My name’s Dug Jonsin, twenty-nine earth years old. Mission ID: DT1163. It’s Tuesday, 25 May 2202. I’m a civilian astro-entomologist attached to the Federated World’s Academy of Galactic Studies. I examine and catalogue insects by academic design, but what I really do is cut them open. Officially, I’m a FOS 95C20 Decortication Technician.
Sounds fancy but…I’m a light-weight by earth standards. My college GPA was only 3.89. Couldn’t get a good job with the Academy earthbound, so here I am on this tub which they call a Deep Space Analytic and Collection Platform, vessel tag CW-DSP-141. Fourteen-man crew: six Army grunts for the retrieval platoon, one Jarine security ape who doubles as a corpsman, two more civvies like me on the Technistics Unit, and five Naval Space Corp dupes who run the plat.
And me.
The job’s a cake walk, really. We hit different star clusters, ID planets, planetoids, moons, and asters with nitrogen-oxygen atmospheres, and then we check them out. Fauna and flora, for the Academy’s zoological indexes. The FW’s been running survey missions like this for over a hundred years, since the invention of I-grav drives. That’s inverted-gravity propulsion. A simple cadmium laser electrically charges a Palladium/Peridotite ceramic plate and harnesses one-half of available interspacial gravity as a force of propulsion. The lasers provide specific photon wavelengths to pass or dissipate the electrical charge through a gallium isolator. Cadmium for ON, Helium for OFF. Simple. It proved that the Twentieth Century eggheads were right. You can’t beat the speed of light, but you can sure as shit bend it. That’s how we can move our platforms far out of the Milky Way. So much for universal invariants.
Each mission is a ten-year gig, but they say you only age about three and a half. Nobody wants this shit so there’s a pay off. Early retirement on the fed lamb. I figured it was worth it. No wife, no kids—could never afford that stuff. But when I get back to earth I can have it all. Phenothiazines keep you from going insane, and tetra-amine implants kill your sex drive. A lot of the crew don’t believe it at first, so they sneak on porn chips, but after the implant, man, you can look at a holopegs of Miss Defense Corp buck naked but it’s about as erotic as looking at your own turds in a gravity toilet. I haven’t had a hard-on in seven years, wouldn’t know what to do with it if I did.
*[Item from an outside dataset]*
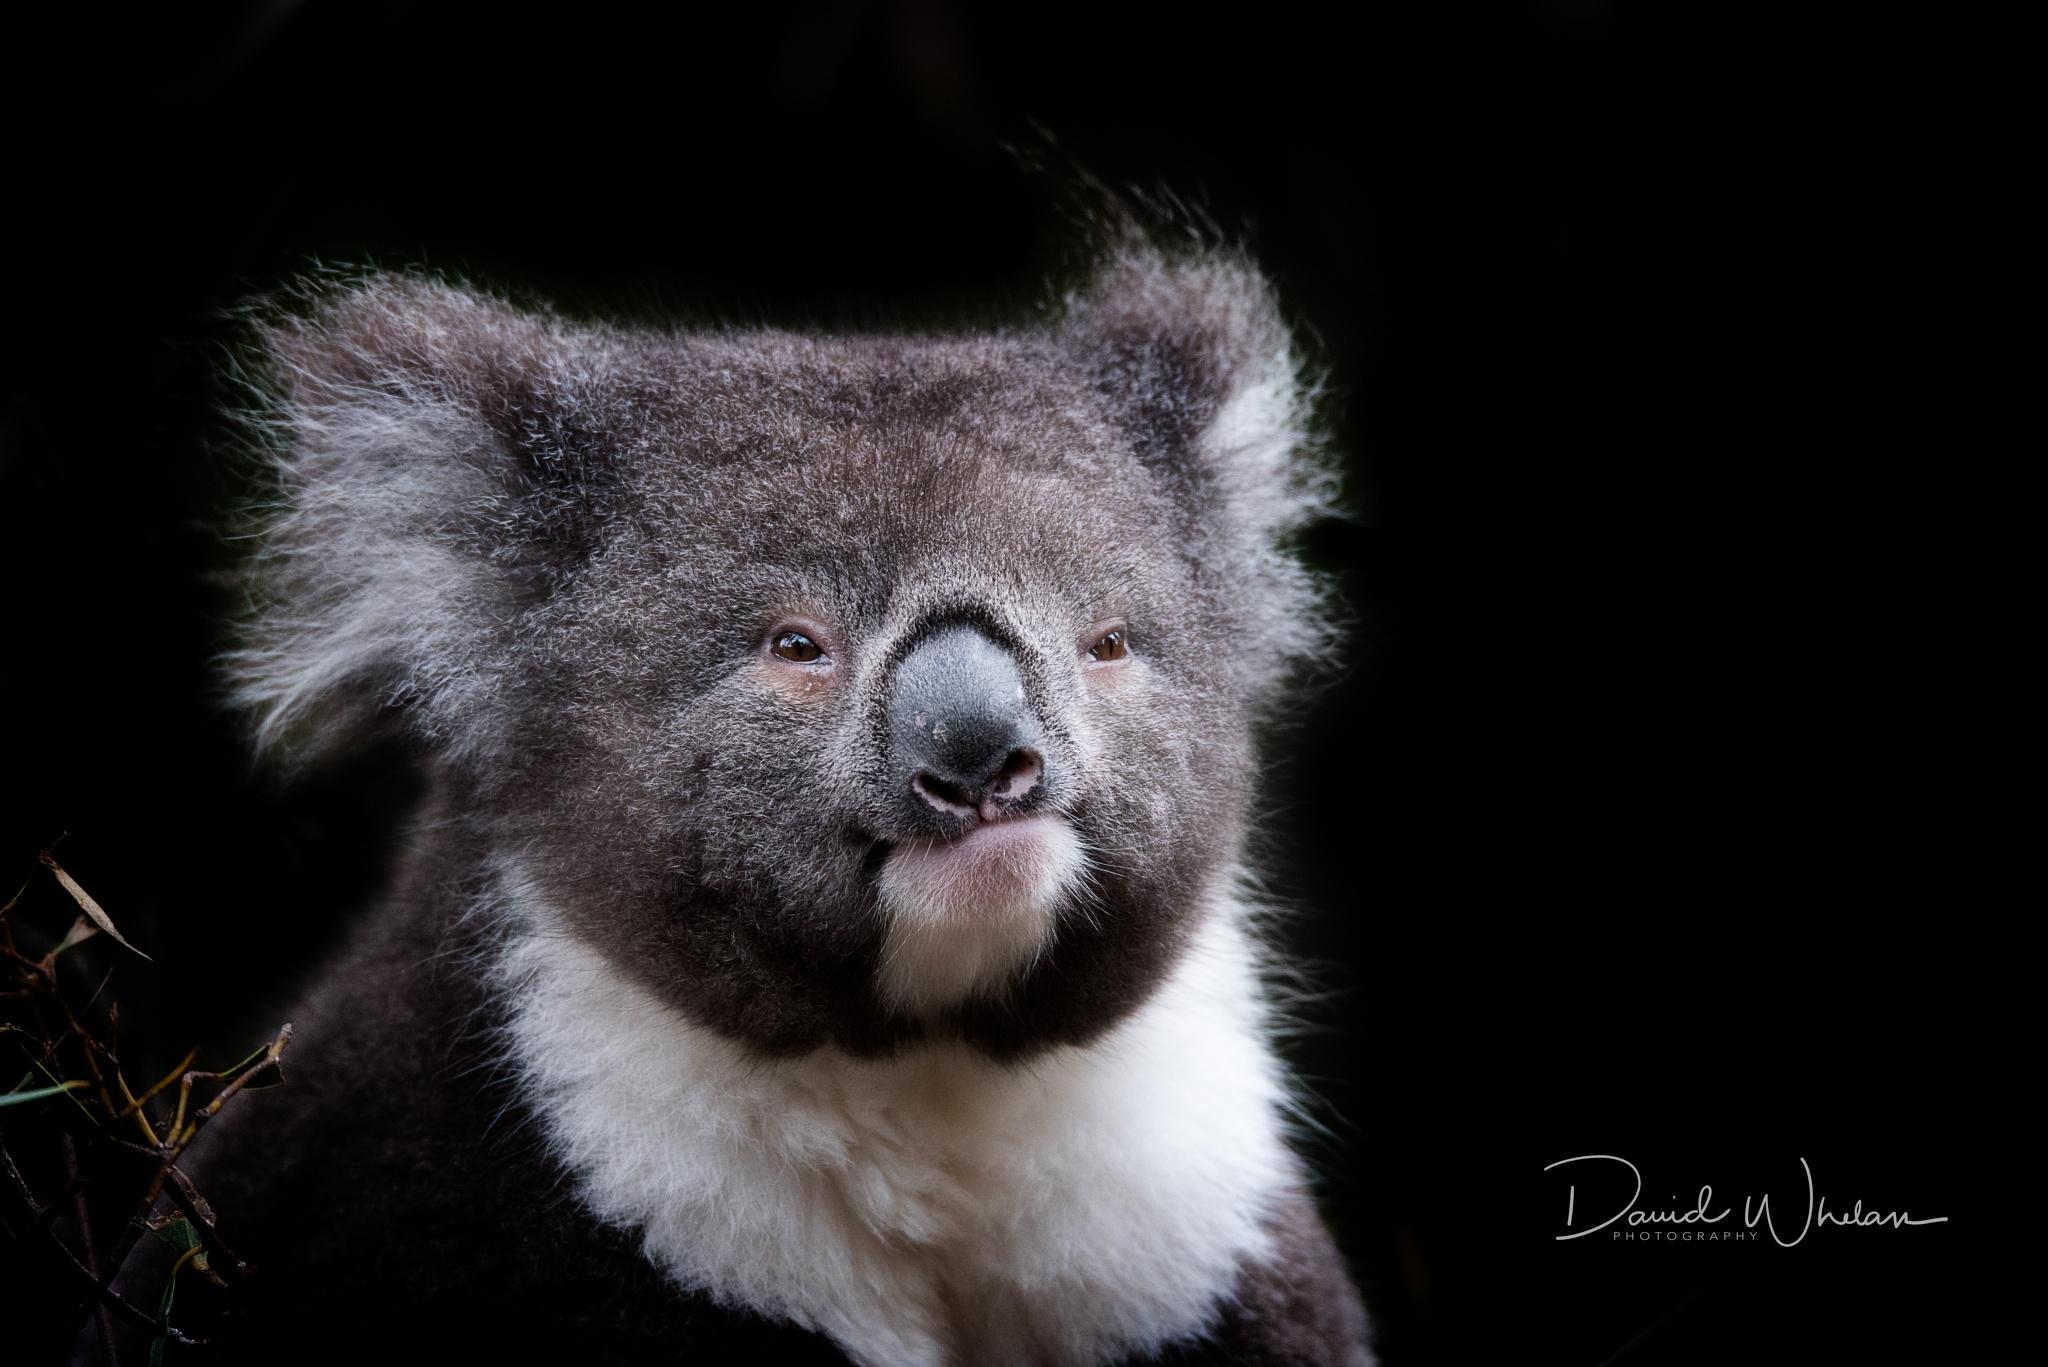 Koala by David Whelan

Every month the OAC orders you to sit on a rectal bolus; a sub-static charge that makes you ejaculate so you don’t get prostate cancer down the road.
Oh, and the OAC? That stands for Operational Analysis Computer. There’s no captain on this rowboat, just the OAC. When it gives you an order, you do it. If you don’t, you get cryo’d, and when you get back to the World, you get no compensation, no retirement, no nothing. Just ten years of your life down the drain and sometimes a full nickel stint on the Lunar Detention Facility.
So if this crap-pot full of microchips tells me to stand on my head and cluck like a chicken, I don’t ask why, I just do it.
But back to my FOS—that’s Federal Occupational specialty. Astro-entomolgy is the fancy way of putting it, bug-cracking is the more realistic way. I’m a decorticator. One thing we found out fast after we started searching other solar systems for signs of life is that there were all kinds of life on a lot of these rocks.
Just nothing interesting.
Nothing mammalian. Usually just microscopic stuff like entozoas, chlorophiles, trimeciums—space germs—and we’d cryo the samples and that was it. Same thing with vegetation, thallophytes, and fungus. Tag it and freeze it.